我正在使用条件变分自动编码器进行预测,我的标签是 [1,100, 200, 5, 17],当我运行模型时,我的损失激增,达到了 nan。我没有规范化标签的数据。我在两个分布和对数似然之间使用 kl 散度如下:
def KL(mu_r,log_var_r,mu_q,log_var_q):
"""Gaussian KL divergence"""
sigma_q = torch.exp(0.5 * (log_var_q)) #2
sigma_r = torch.exp(0.5 * (log_var_r)) #1
t1 = torch.log(sigma_q/sigma_r)
t2 = torch.square(sigma_r)/torch.square(sigma_q)
t3 = torch.square(mu_r - mu_q)/torch.square(sigma_q)
kl_loss = torch.sum(t1 + 0.5 * t2 + 0.5 * t3, dim=1) - 0.5*t1.size(1)
return kl_loss
def log_lik(par, mu, log_var):
"""Gaussian log-likelihood """
par = par.view(-1,1).float()
mu = mu.view(-1,1).float()
log_var = log_var.view(-1,1).float()
sigma_square = torch.square(torch.exp(0.5*(log_var)))
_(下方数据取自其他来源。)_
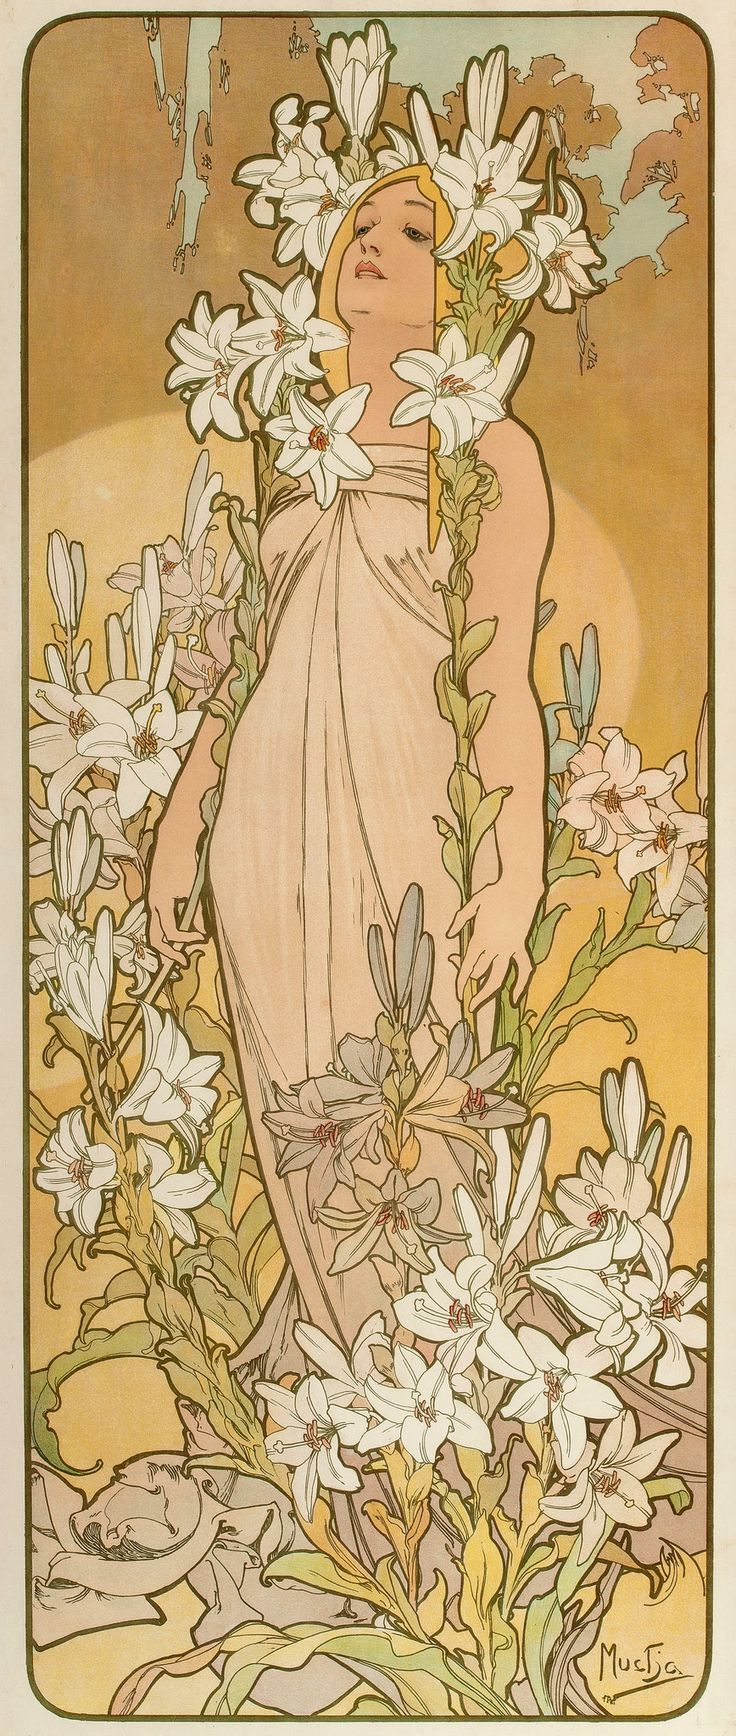 """Les Fleurs - The Lily"" ~ Alphonse Mucha, 1898"

lo = -0.5*torch.sum((torch.log(2*np.pi*sigma_square) + torch.square(par-mu)/sigma_square),dim=1)/par.size(1)
return lo
我还为我的模型的每个批次使用以下函数。 有人可以帮我吗?
def train_batch(model, optimizer, device, batch, labels):
model.train()
optimizer.zero_grad()
length = float(batch.size(0))
mu_x, log_var_x, mu_q, log_var_q, mu_r, log_var_r = model(batch,labels)
# get the loss funtion
kl_loss_b = KL(mu_r,log_var_r,mu_q,log_var_q
L_loss_b = log_lik(labels, mu_x, log_var_x)
L_loss = torch.sum(L_loss_b)
kl_loss = torch.sum(kl_loss_b)
loss = -(L_loss - kl_loss)/length
loss.backward()
# update the weights
optimizer.step()
# add for validation
return loss, kl_loss/length, L_loss/length
我认为
t1
是不稳定的,它将两个大数相除。t1 = (0.5 * log_var_q) - (0.5 * log_var_r)